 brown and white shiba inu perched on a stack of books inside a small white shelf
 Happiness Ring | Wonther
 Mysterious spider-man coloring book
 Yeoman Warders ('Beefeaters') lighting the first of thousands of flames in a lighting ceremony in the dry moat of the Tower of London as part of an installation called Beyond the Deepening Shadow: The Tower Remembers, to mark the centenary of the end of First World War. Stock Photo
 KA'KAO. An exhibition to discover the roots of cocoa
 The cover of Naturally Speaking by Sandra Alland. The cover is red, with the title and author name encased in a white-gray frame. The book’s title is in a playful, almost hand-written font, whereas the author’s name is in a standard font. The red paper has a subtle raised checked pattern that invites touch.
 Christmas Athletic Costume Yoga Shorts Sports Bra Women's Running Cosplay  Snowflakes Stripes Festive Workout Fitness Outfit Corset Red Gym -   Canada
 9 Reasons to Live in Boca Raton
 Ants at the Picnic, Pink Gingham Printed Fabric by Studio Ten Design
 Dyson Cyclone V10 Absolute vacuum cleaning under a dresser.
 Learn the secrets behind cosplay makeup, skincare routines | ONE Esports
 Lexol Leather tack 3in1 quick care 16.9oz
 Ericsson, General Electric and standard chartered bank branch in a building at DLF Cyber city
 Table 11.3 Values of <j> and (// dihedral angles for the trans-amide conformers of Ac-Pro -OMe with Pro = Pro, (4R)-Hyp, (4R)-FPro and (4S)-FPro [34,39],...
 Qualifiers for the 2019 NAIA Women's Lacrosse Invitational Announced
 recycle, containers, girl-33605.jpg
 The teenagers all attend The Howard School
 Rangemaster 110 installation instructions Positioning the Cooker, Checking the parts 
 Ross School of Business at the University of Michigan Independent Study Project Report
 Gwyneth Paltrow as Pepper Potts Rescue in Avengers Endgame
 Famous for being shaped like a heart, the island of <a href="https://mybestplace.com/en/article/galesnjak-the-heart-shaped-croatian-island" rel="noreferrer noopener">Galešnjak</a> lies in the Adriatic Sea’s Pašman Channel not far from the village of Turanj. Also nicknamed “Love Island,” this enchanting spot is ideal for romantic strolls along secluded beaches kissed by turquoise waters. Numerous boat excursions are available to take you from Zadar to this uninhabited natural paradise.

▸ Problem to work on:
Transcribe the line that contains "Qualifiers for the" exactly, then each line after it through the end of the material. Nothing else belongs in the output.

▸ Result of this exercise:
 Qualifiers for the 2019 NAIA Women's Lacrosse Invitational Announced
 recycle, containers, girl-33605.jpg
 The teenagers all attend The Howard School
 Rangemaster 110 installation instructions Positioning the Cooker, Checking the parts 
 Ross School of Business at the University of Michigan Independent Study Project Report
 Gwyneth Paltrow as Pepper Potts Rescue in Avengers Endgame
 Famous for being shaped like a heart, the island of <a href="https://mybestplace.com/en/article/galesnjak-the-heart-shaped-croatian-island" rel="noreferrer noopener">Galešnjak</a> lies in the Adriatic Sea’s Pašman Channel not far from the village of Turanj. Also nicknamed “Love Island,” this enchanting spot is ideal for romantic strolls along secluded beaches kissed by turquoise waters. Numerous boat excursions are available to take you from Zadar to this uninhabited natural paradise.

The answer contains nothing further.